With reference to the frequency of the meeting of the Board of Directors, such organ usually meets once per month and in any case whenever the Chairman considers it appropriate or if requested by the Chief Executive Officer or at least one third of its members or the Board of Statutory Auditors. The call of the meeting, to be sent at least five days before the date set for the meeting, or, in urgent situations, at least 24 hours beforehand, to the domicile of each Director and Statutory Auditor, is made by registered letter or telegram or telefax or email or any other appropriate means that provides proof of receipt, and shall contain the date, time and place of the meeting and the agenda thereof.

The supporting information is provided in a timely manner and contain all documentation required to render the Directors fully aware of all the issues submitted to their attention. Ordinarily the convocation, always timely pursuant to the Articles of Association, contains all the documentation required, except for rare exceptions due to the need to supplement such documentation, which are clearly indicated within the notice of call.

During 2017, the meeting supporting information was always sent in a timely manner within the terms provided for.

The Chairman ensures that further in-depth analysis are performed during the Board meetings regarding the issues on the agenda.

During 2017, the Board of Directors met 15 times, and the average duration of the meetings was approximately 3 hours and 17 minutes, with attendance of 100% of the members of the Board of Directors, thereby including 100% of the independent Directors present.
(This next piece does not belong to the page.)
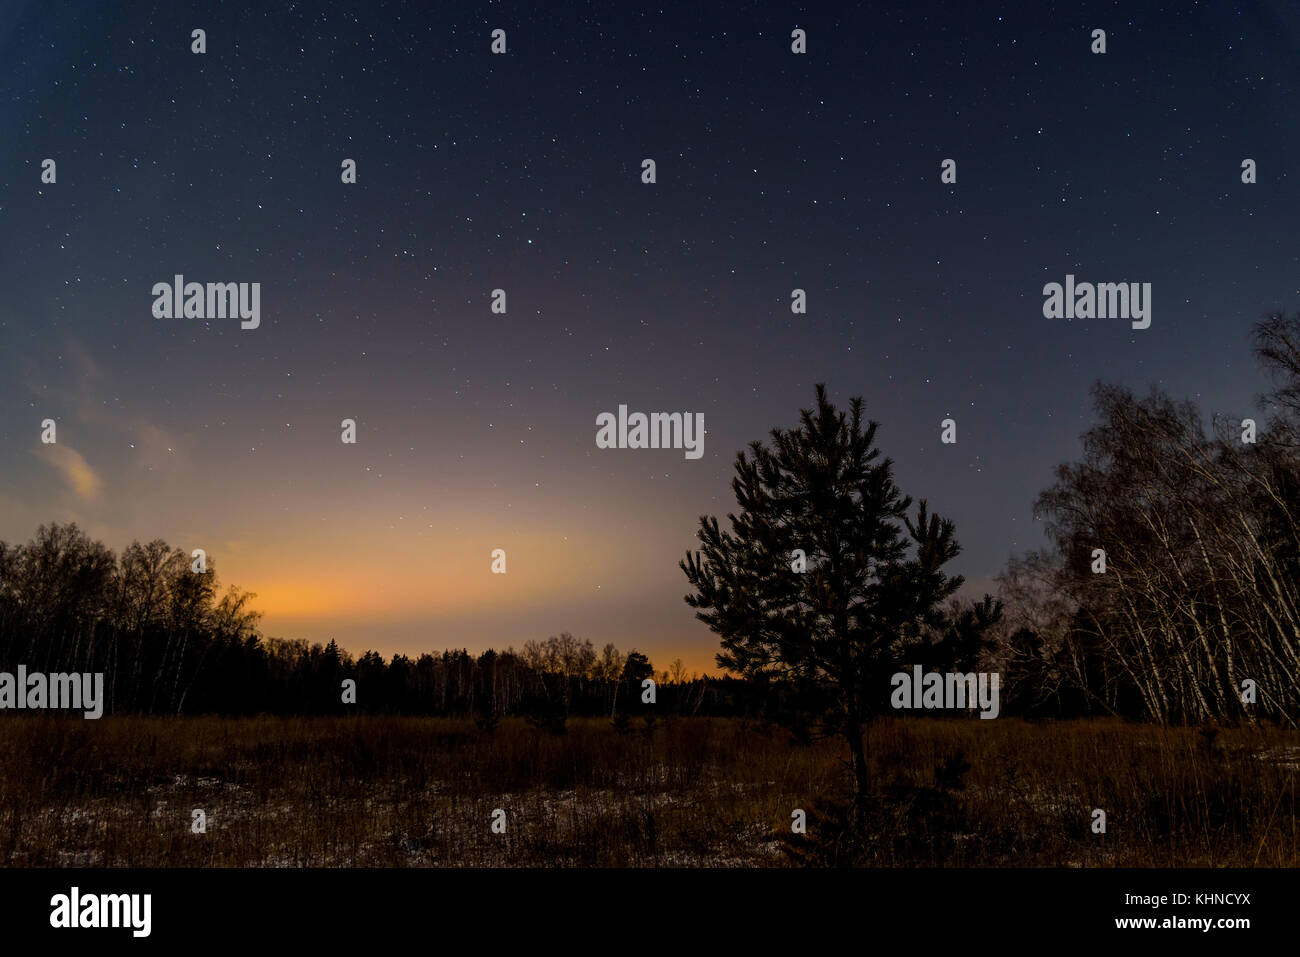 Nacht Landschaft mit den Sternen am Nachthimmel auf dem Hintergrund eines dunklen Wald Stockfoto
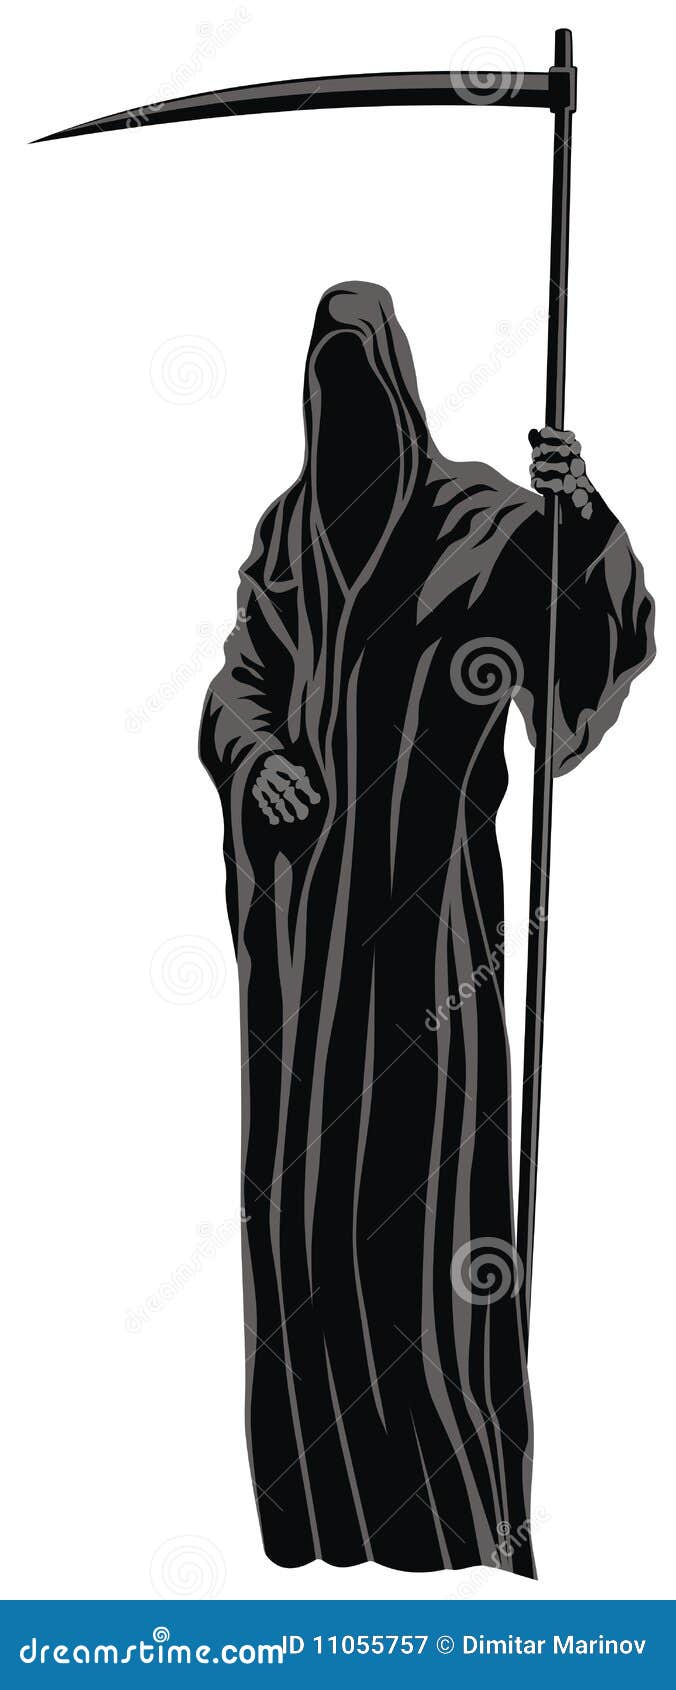 The Grim Reaper stock vector. Illustration of scythe - 11055757

For additional information regarding the attendance of members at the Board of Directors meetings, please see table 2 to attached to the Report.

6Customer categories means not just a new individual client but a new type of users.

* The European House -Ambrosetti S.p.A., Final report 2017 of the Observatory on Corporate Governance Excellence in Italy; The data refers to the year 2016.

**Assonime, 2017 report "Corporate Governance in Italy: code of conduct, compensation and comply-or-explain"

In accordance with Article 18.7 of the Articles of Association, the General Manager participates in an advisory capacity at meetings of the Board of Directors.

Meetings of the Board of Directors have also been attended by the managers of the relevant Company departments in accordance with the issues on the agenda, which supported the Chief Executive Officer in providing further in-depth information on the items being discussed.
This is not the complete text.